Prompt -
Repeat exactly, and only, the lines from the line bearing "Makeup big pouch with pearl stones" through the end of the material. Do not copy the pictures.

Supplied data -
☆ ☆ ☆ ☆
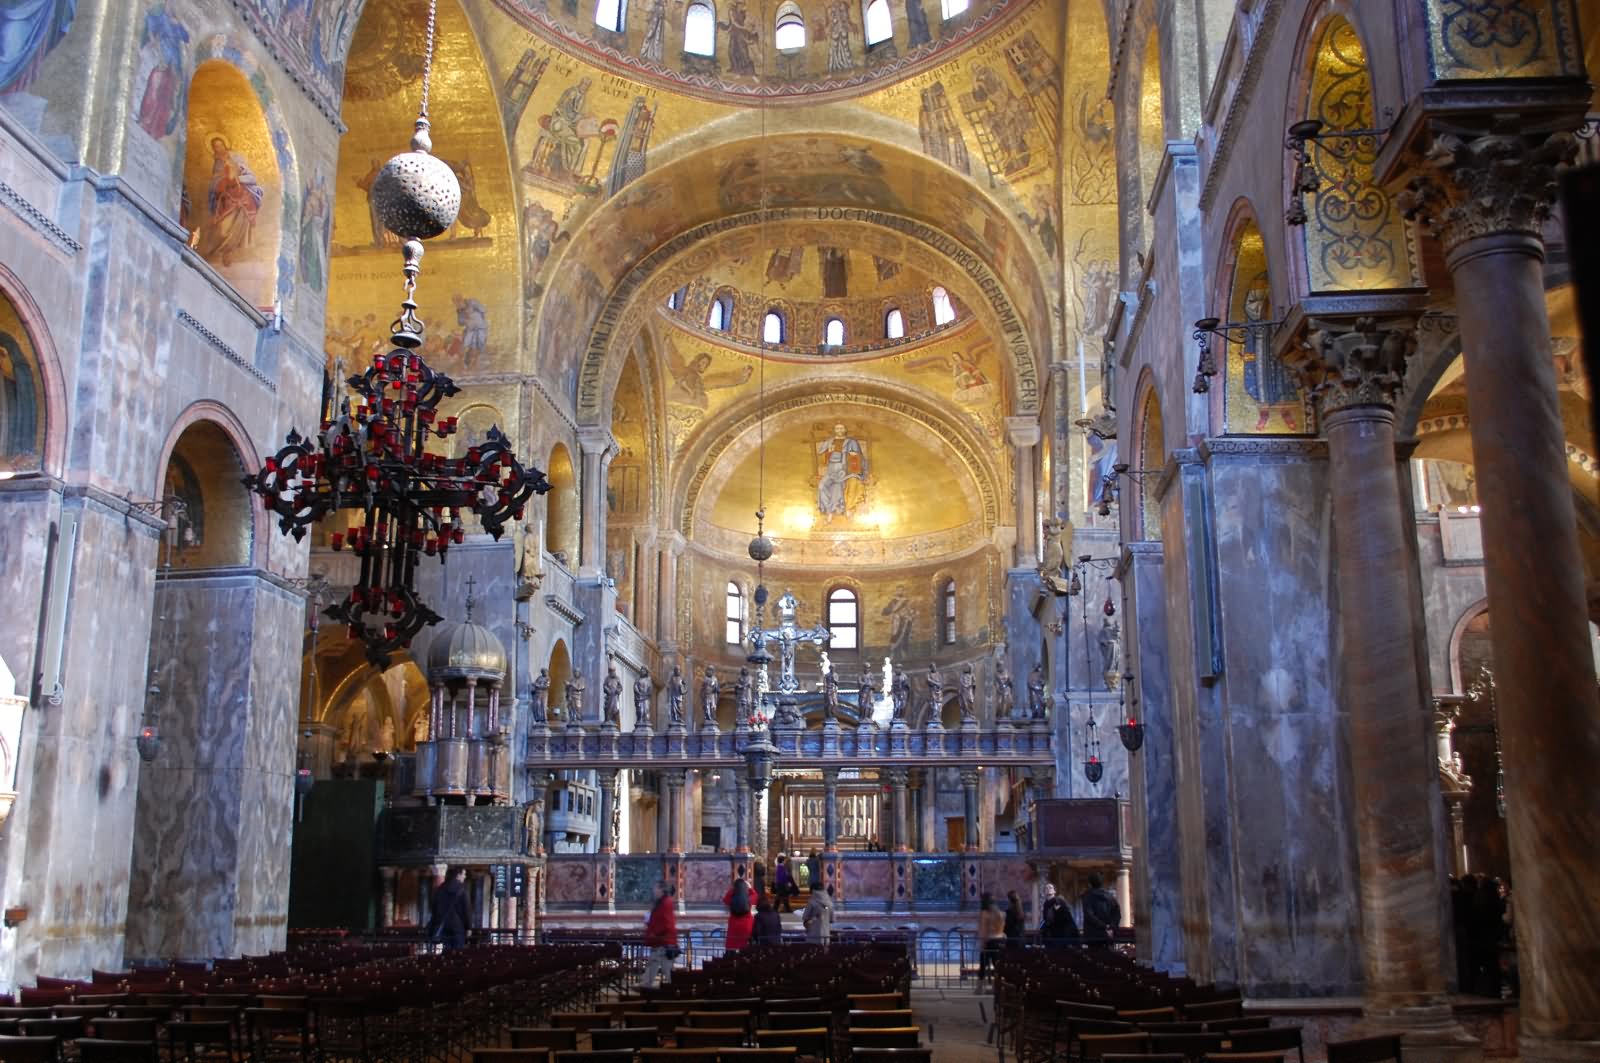 30 Most Incredible Interior Pictures Of St. Mark’s Basilica, Venice
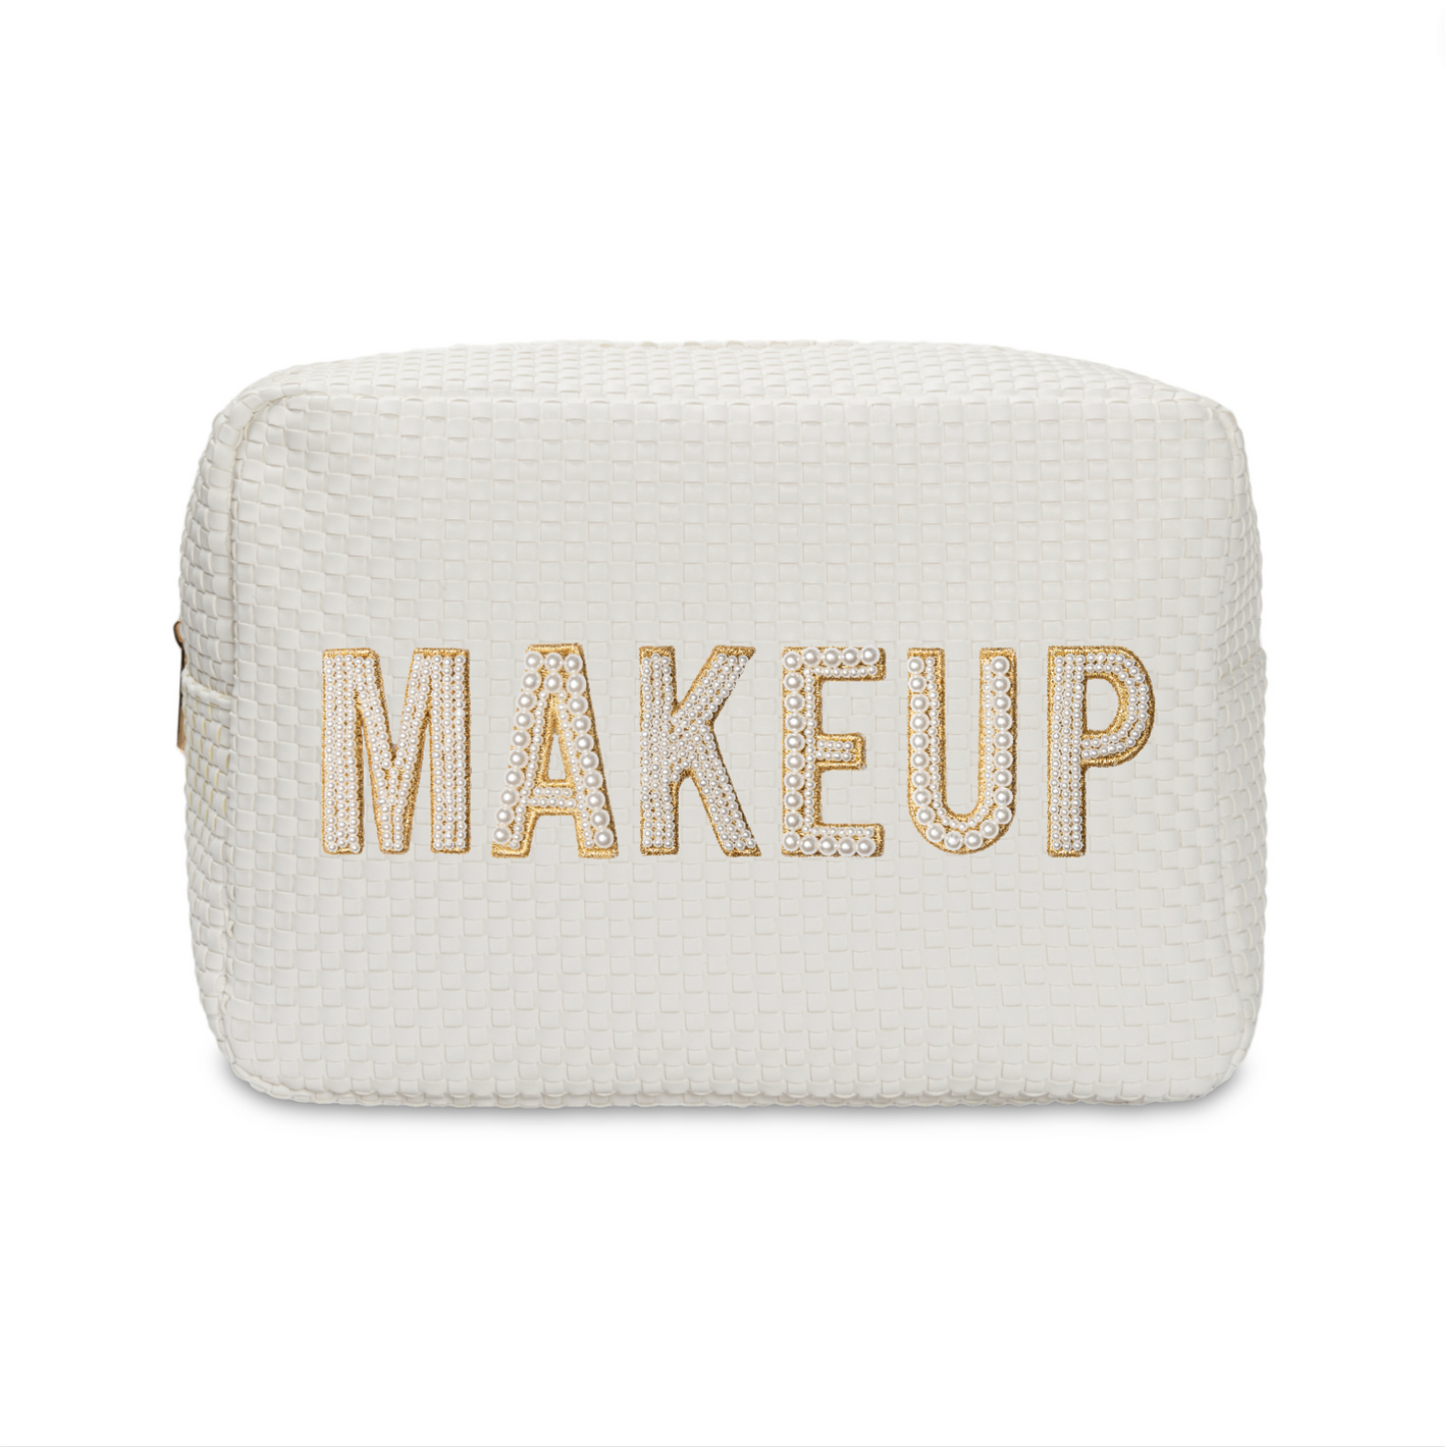 Makeup big pouch with pearl stones
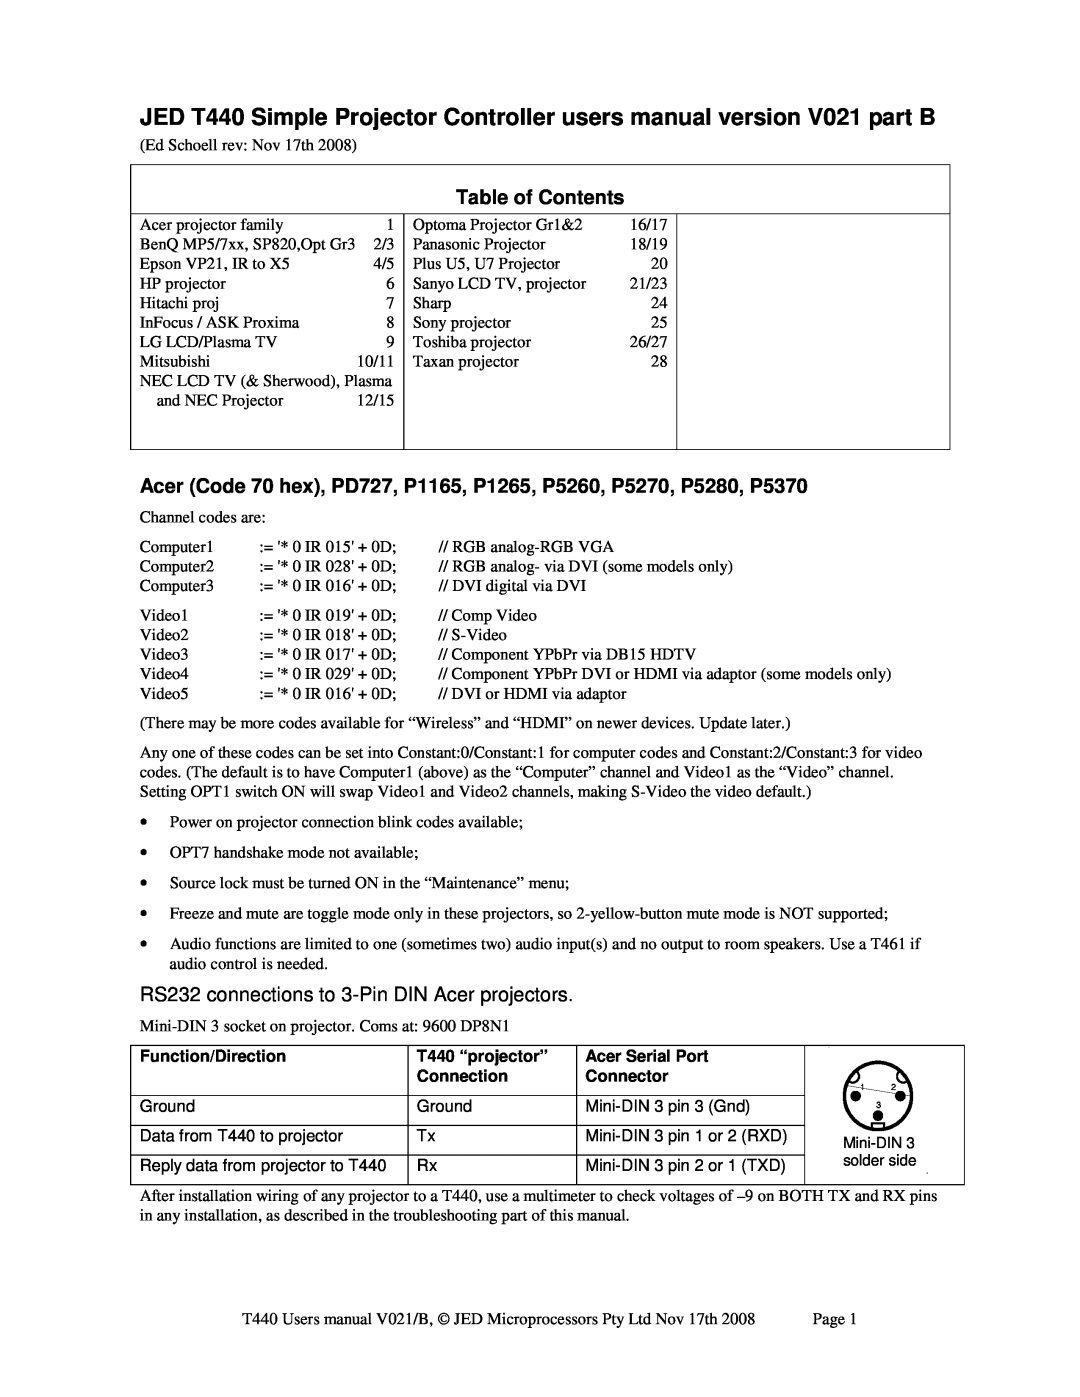 Epson JED T440 user manual Table of Contents, Acer Code 70 hex, PD727, P1165, P1265, P5260, P5270, P5280, P5370, Connector
☆ ☆ ☆ ☆
Response area -
 Makeup big pouch with pearl stones
 Epson JED T440 user manual Table of Contents, Acer Code 70 hex, PD727, P1165, P1265, P5260, P5270, P5280, P5370, Connector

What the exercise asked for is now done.